For those of you how aren’t familiar with XML, “pretty printing” is a way of writing out XML so that it’s easier for people to read with a text editor. Imagine the following XML:



<wordDocument>


    <body>


      <p>


         <r>


            <t>Hello World</t>


         </r>


      </p>


   </body>


</wordDocument>


That’s pretty easy to read, because there are line breaks and indentations for each element. The problem with this approach is that the application writing out the file has to generate all of that. In Office, our files will have thousands of tags in them. If we were to pretty print each file, it would mean that saving a file would take more time. Since the file save times affect everyone, and the pretty printing only affects those people who want to look at the XML in plain text, we decided to optimize for performance (most other applications that have XML as their default format do the same thing). Here is what that same XML would look like when saved out from Office:



<wordDocument><body><p><r><t>Hello World</t></r></p></body></wordDocument>


Most XML editors out there today (like VisualStudio and even FrontPage), have functionality built in that allows you to apply pretty printing to a file. This means if you want to look at the XML, just load it up in one of those applications and apply the pretty printing to it. You can also load the file in IE which automatically applies an XSLT that gives you a pretty decent view.


-Brian

Comments (12)

  1. tzagotta says:

    Hi Brian, Internally, will O12 use MSXML to parse and generate these file formats, or will you develop dedicated code for this?

  2. Marco Antonio S&#225;nchez says:

    The decision you take about the readability vs. performance trade-off appears to be the appropriate. Creating verbose XML with pretty printing would be the right choice if the major consumer of the documents is a human. However, almost all of these documents would be consumed by a parser in a typical scenario.

    During develop-time you can format the documents using a XML editor or tool. Another approach to the pretty printing issue is to activate it programmatically. Since this feature is only useful for developers, including an option in the Save As dialog seems to make no much sense.

    After all, we all are familiar with the <p>, <c>, <li>… HTML tags.

    In my opinion, the key point is to create a XML vocabulary that is as much homogeneous as possible. This criteria includes capitalization, use of attributes vs. elements, verbose vs. efficient names… Having a consistent set of rules across all of the XML vocabularies of the MS Office System can make the difference.

  3. Bob ?:-) says:

    Hi Brian,

    You had mentioned previously I believe that there might be a tool/utility/transform that could be made available to format into ‘pretty print’ (human readable) form, if you made the decision to go with the fast but ugly (starting to look about as friendly as binary? <g>)

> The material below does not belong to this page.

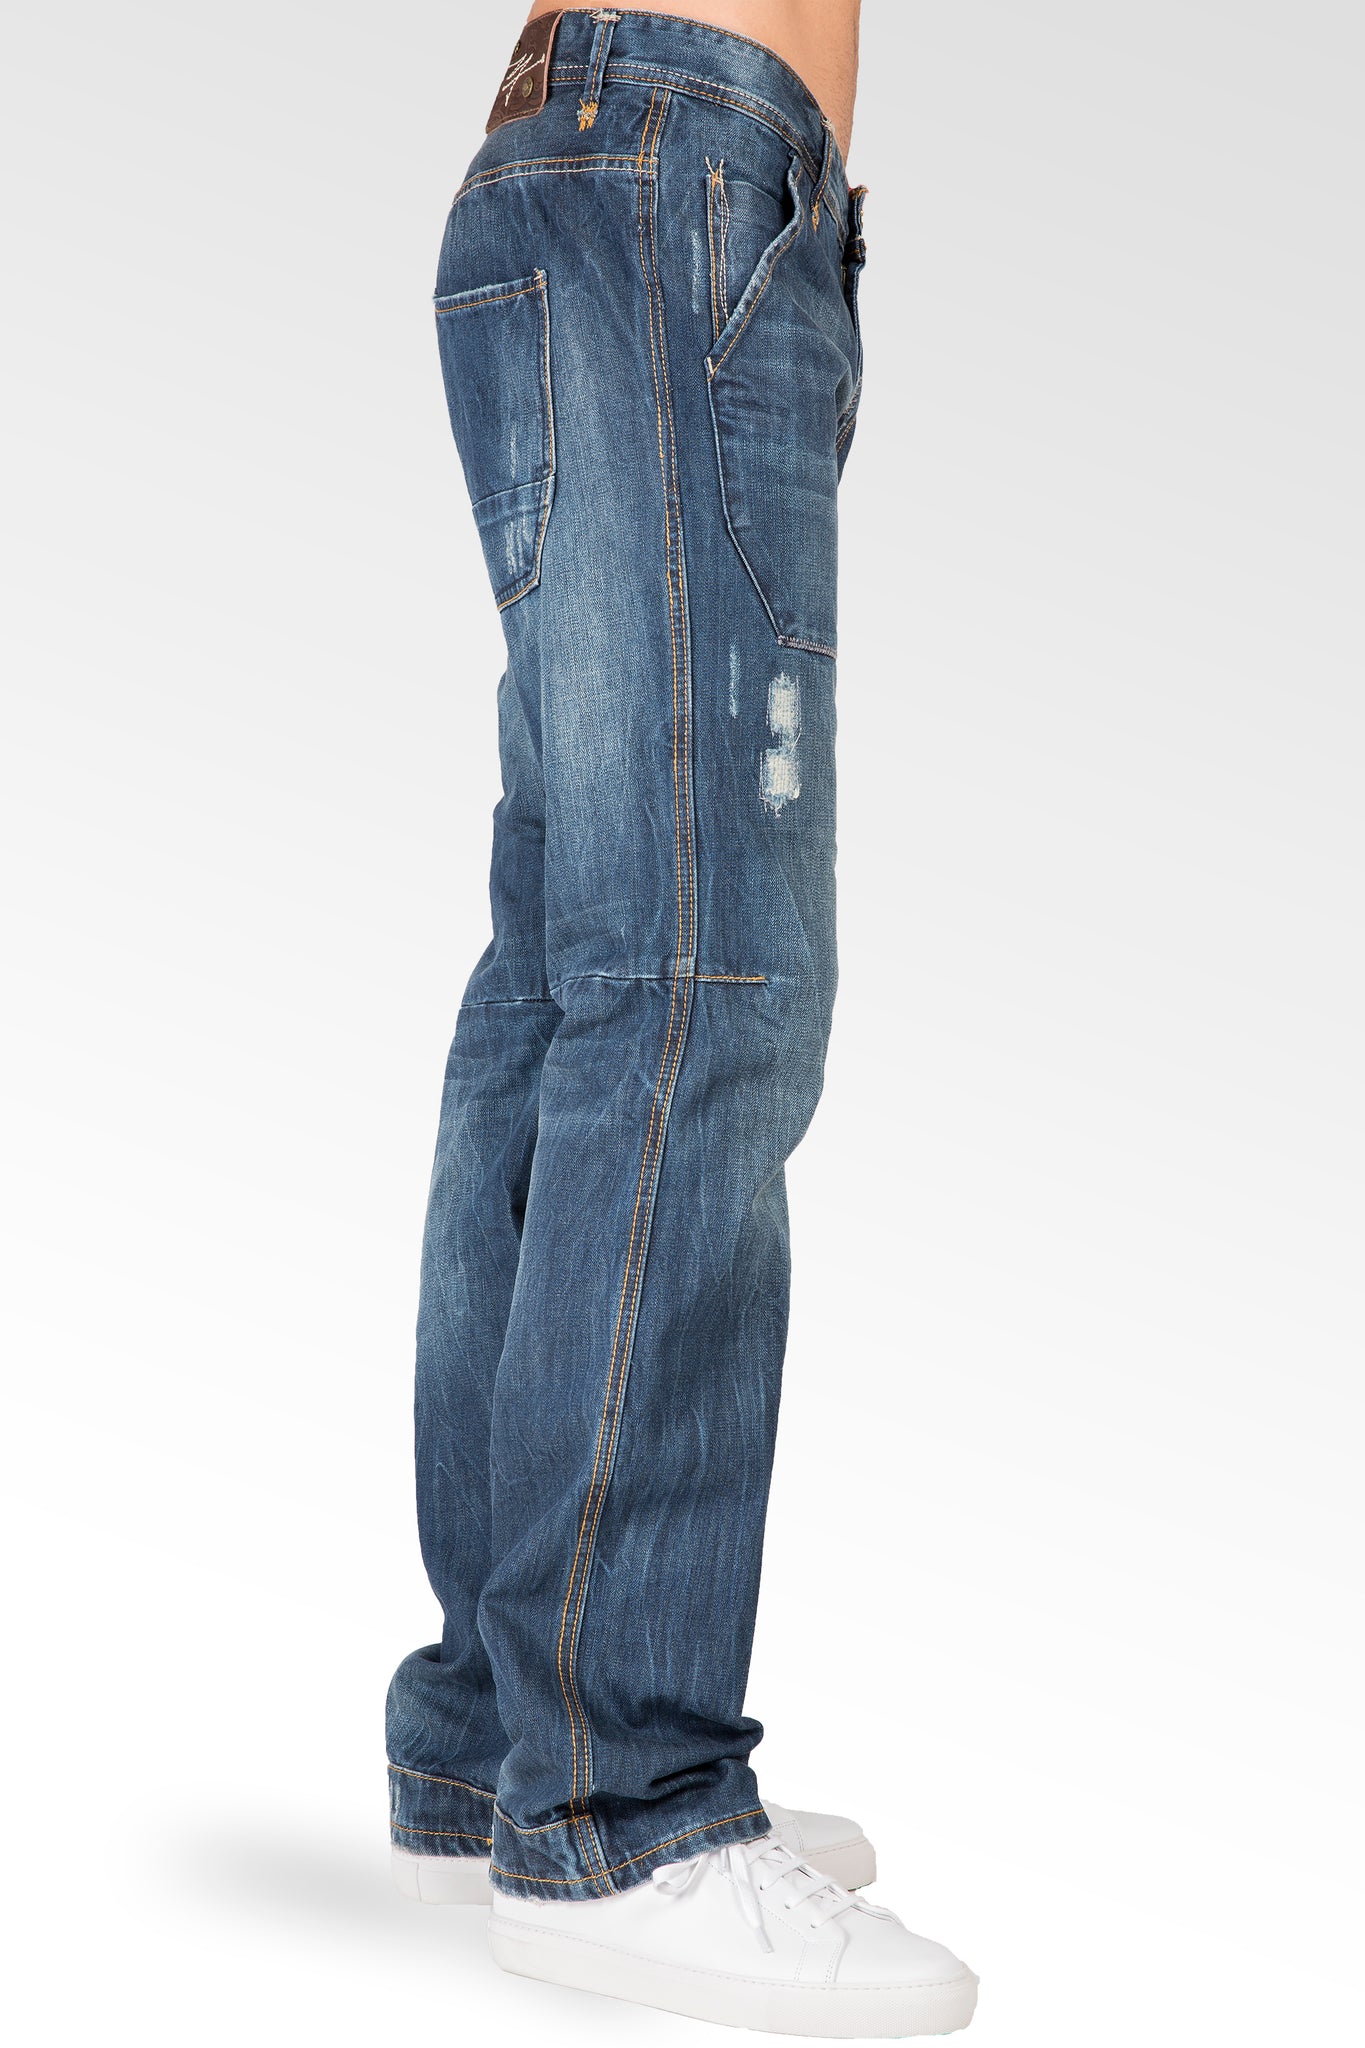 Slim Straight Vintage Hand Sanding Premium Denim 5 Pocket Jeans Ripped & Repaired

    Is that still the plan? So that folks who needed to troubleshoot a problem or who just wanted to become more familiar with how things work to get their job done more efficiently or in a more timely manner, would be able to look at a file that they can (a) read [example: help desk says ‘do a search/find on your file and look for xxxx/yyyy’, obviously that would be easier to readback and understand the context when it’s somewhat formatted.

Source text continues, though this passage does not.